On 1 February 1975, plaintiff, then age eight, his sixteen year old brother, William Garrison, and a number of others spent the morning doing landscaping and related work at Aversboro Road Baptist Church in Garner. At lunchtime, the Garrison brothers, Bryan Upchurch, and another boy left to get lunch, and were returning to the church when the accident occurred.

The boys were riding south on Buffalo Road in a pick-up truck driven by William Garrison. Plaintiff sat in the middle seat, Upchurch sat by the door, and the other boy rode in the truck bed. Some other boys from their group were ahead of them in a car. Upchurch testified, “They were trying to outrun us and we were trying to catch them.” The truck approached a sharp left curve at a point where the pavement was 18 feet wide and the *593 low shoulders consisted of dirt and gravel. The speed limit was 55 miles per hour, but Upchurch recalled seeing a diamond shaped sign with a lower advisory speed limit. Upchurch testified that, as the truck entered the curve, the right front tire dropped down off the pavement onto the shoulder, and William Garrison jerked the truck back onto the road. The truck traveled across to the left side of the road, struck a driveway culvert, overturned, struck a light pole and a bush, and came to rest on its top. Plaintiff was thrown from the truck and suffered serious injury.

Upchurch opined that the truck was travelling in excess of 55 miles per hour when it entered the curve. According to Trooper Cash, there were 259 feet of tire impressions before the actual impact, and the truck traveled an additional 118 feet, after striking the culvert, to the place where it came to rest.

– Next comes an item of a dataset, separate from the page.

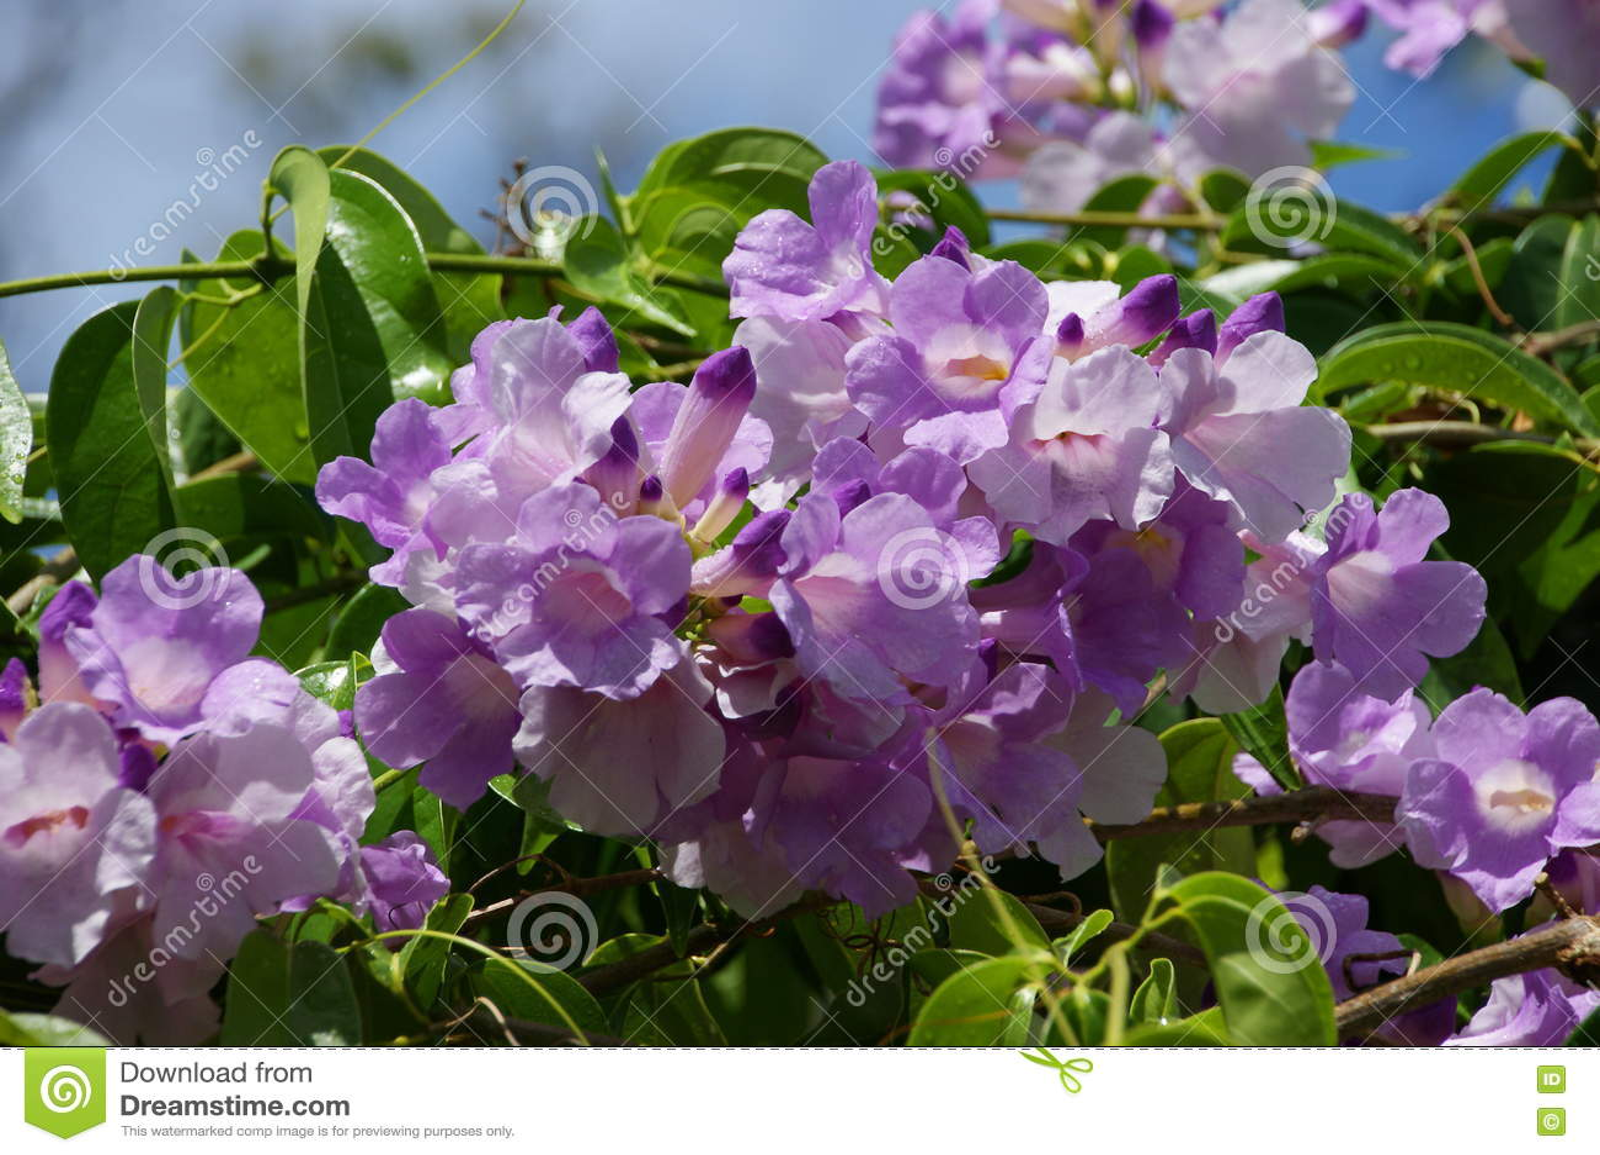 Liana Vine Flower

Plaintiff also offered extensive evidence regarding the nature and extent of his injuries. Defendant presented no evidence.

II

The single question presented for our review is whether the trial court erred by granting plaintiffs motion for a new trial.

A

Plaintiff premised his motion for a new trial • upon the grounds that “the verdict is contrary to all of the evidence and the jury disregarded the court’s instructions . . . .” In his oral ruling upon the motion in open court following arguments of counsel, Judge D. B. Herring began: “This is one that has bothered me all weekend. As I recall, the uncontroverted evidence . . . .” The judge then proceeded to summarize the evidence of negligence, after which he concluded:

In the interest of justice, reluctantly I am going to set aside the verdict and order a new trial because I cannot logically see how the jury could have found “no” on the issue of negligence.
I had really thought at the outset that negligence might be stipulated. I note, also, that there was a lawyer on the jury in addition to an insurance agent who sells liability insurance. (Emphasis added.)

*594 The subsequent written order stated, in pertinent part, that the court was awarding a new trial "in its discretion and in the interest of justice.” (Emphasis added.) This fact controls the scope of our review of Judge Herring’s action. See Worthington v. Bynum, 305 N.C. 478, 481, 290 S.E. 2d 599, 602 (1982).

B

It is a well established rule in this jurisdiction that a trial judge’s discretionary decision to deny or grant a new trial upon any ground may be reversed on appeal only when the record affirmatively demonstrates a manifest abuse of discretion. E.g., Bryant v. Nationwide Mutual Fire Insurance Co., 313 N.C. 362, 329 S.E. 2d 333 (1985); Worthington v. Bynum. Only when the trial court grants or refuses to grant a new trial due to some error of law in the trial is its decision fully reviewable. See Bryant at 381-82, 329 S.E. 2d at 344-45, Worthington at 483, 290 S.E. 2d at 603. Further, the scope of appellate review of a trial judge’s exercise of the power to grant a new trial was not enlarged by the adoption of the Rules of Civil Procedure. Worthington at 482, 290 S.E. 2d at 602.

C

Defendant first argues that the trial court made an error of law, fully reviewable on appeal, by granting a new trial on the improper ground that there was a lawyer and an insurance agent on the jury. However, the judge’s comment on the composition of the jury does not indicate to us that this reflection formed the basis for his decision. If such were the case, the award of a new trial would constitute clear error, particularly since the parties presumably examined the jurors prior to trial and were satisfied with them. However, based upon our review of the evidence, the judge’s comments, and the order itself, we are convinced that the judge awarded a new trial based on his belief that the verdict was against the weight of the evidence and that it was in the interest of justice to do so. These are grounds which have traditionally afforded bases for a trial court’s discretionary authority to award a new trial. See, e.g., Selph v. Selph, 267 N.C. 635, 148 S.E. 2d 574 (1966); Walston v. Green, 246 N.C. 617, 99 S.E. 2d 805 (1957).

*595 D

Defendant’s remaining arguments are based on a premise that there are two varieties of motion for a new trial, and that, although the grant of a new trial under Rule 59(d) of the Rules of Civil Procedure may be overturned on appeal only if the trial court has abused its discretion or committed an error of law, a new trial motion under Rule 50(b) is subject to a stricter standard. These contentions are without merit.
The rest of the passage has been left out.